Judge rules NYC crosswalks fail to protect blind pedestrians
Most crosswalks in New York City violate laws protecting people with disabilities by failing to properly protect blind and low-vision pedestrians, a judge ruled Tuesday.
U.S. District Judge Paul A. Engelmayer in Manhattan said the city has violated three laws protecting the disabled with its failure to equip most crosswalk signals to aid the blind or those with limited eyesight.
The judge said it is yet to be decided what the ramifications of the ruling will be because the first phase of the court proceeding was to assess liability.
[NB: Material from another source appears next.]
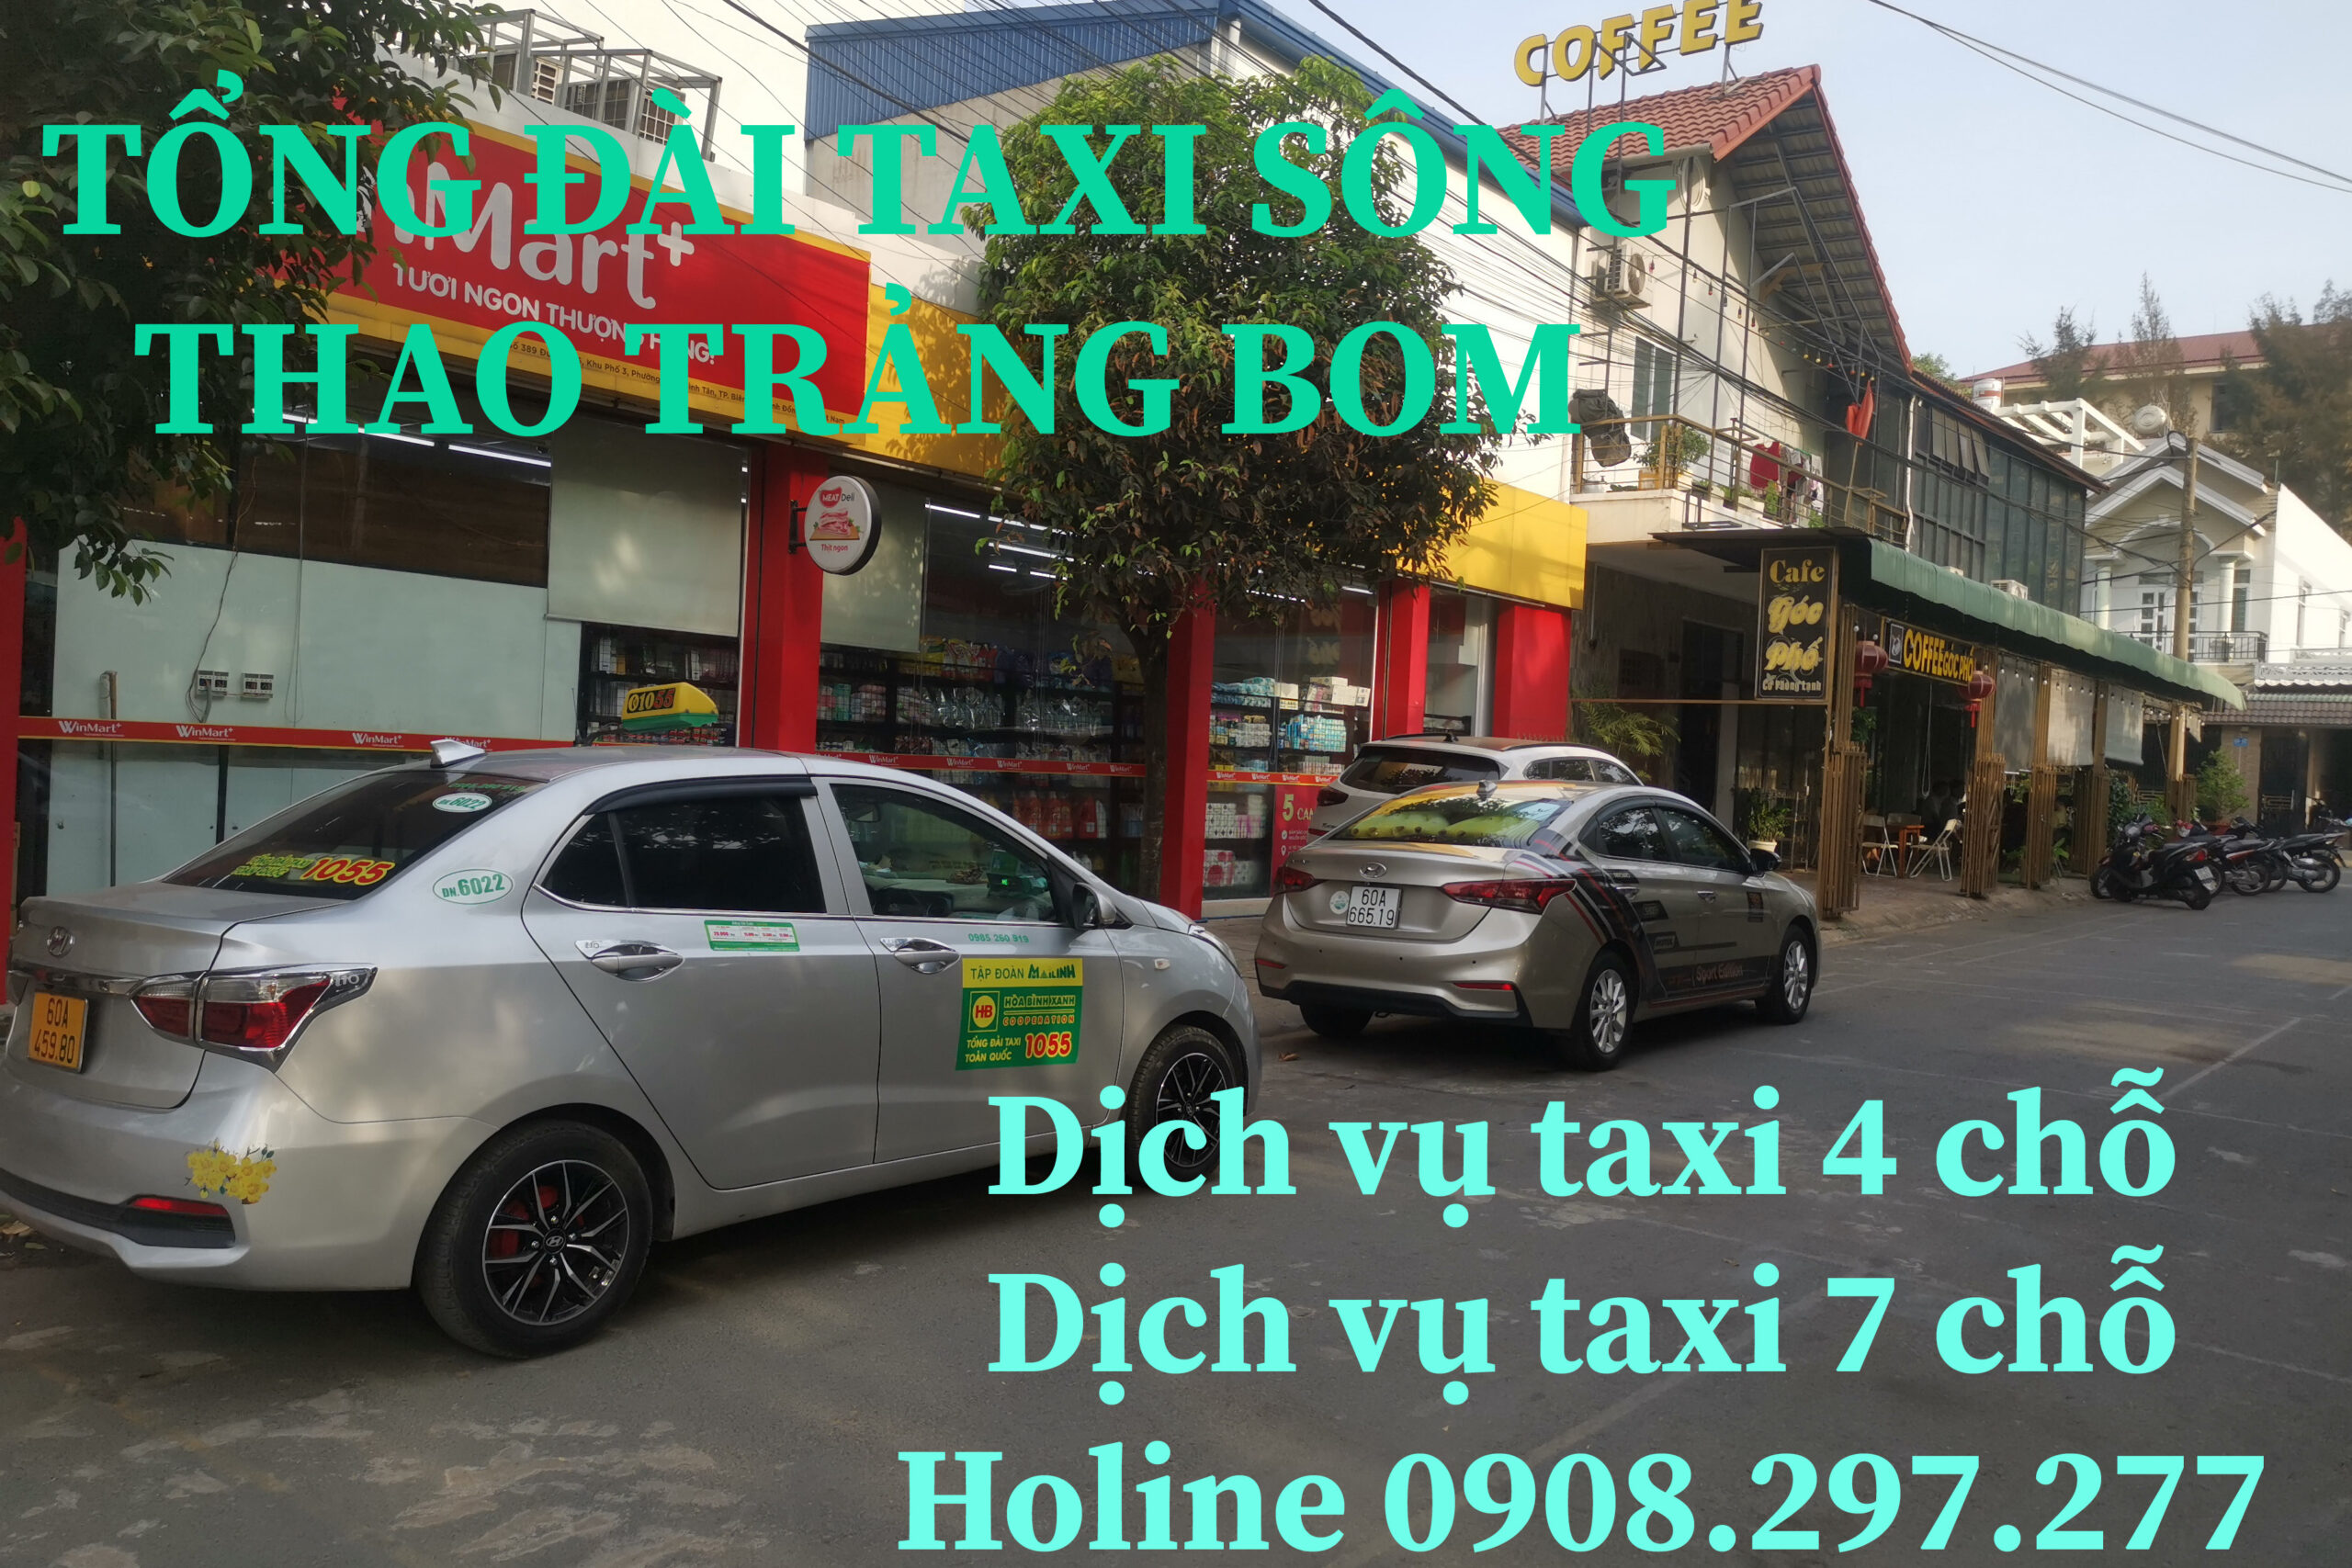 Tổng đài taxi Sông Thao Trảng Bom

The city is consistently working to make streets more accessible for those who are blind or have low vision, particularly by adding devices that communicate with sounds, speech or vibrating surfaces, city spokesperson Laura Feyer said.
The city will continue to work with the disabled community to make improvements, she said.
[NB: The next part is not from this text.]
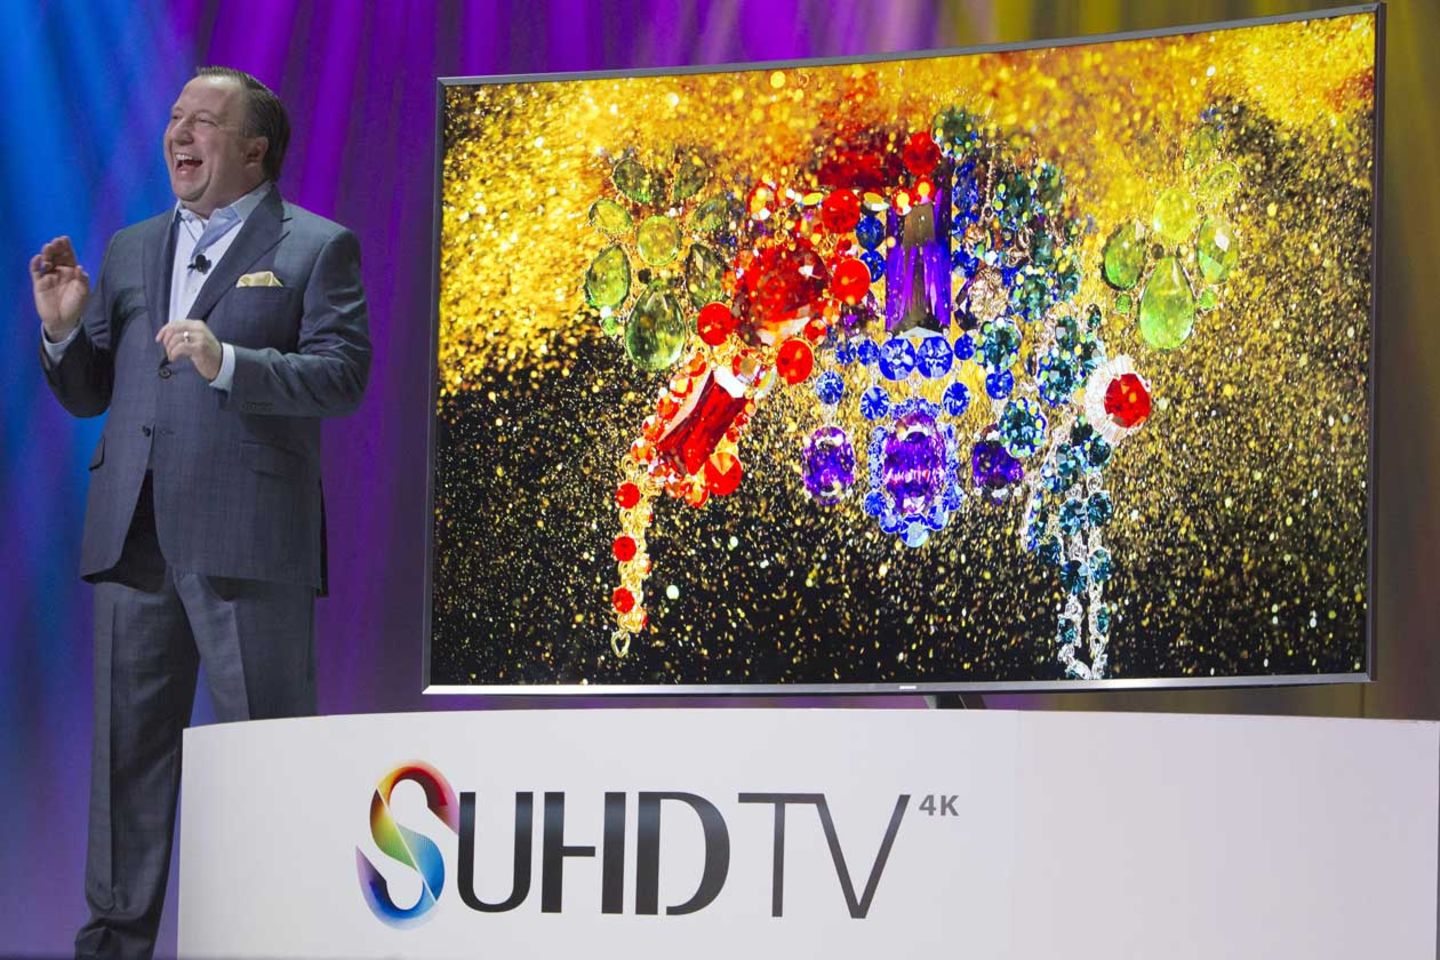 Die neuen Samsung-Fernseher lauschen im Wohnzimmer mit. Allerdings kann die Sprachsteuerung auch direkt deaktiviert werden.

The ruling came in a lawsuit brought by a nonprofit corporation that represents people with vision disabilities.
In the decision, Engelmayer noted that New York City has the highest population density of any major American city.
“Pedestrians with visual disabilities often encounter danger, inconvenience, and humiliation while attempting to use the City’s crosswalks,” he wrote.
Of the city’s 120,000 pedestrian control signals, nearly all of 13,200 signals at 45,000 intersections only communicate crossing information in a visual format, the judge said. Those signals are inaccessible to the blind leaving fewer than 5 percent of signals that aid blind people, he said.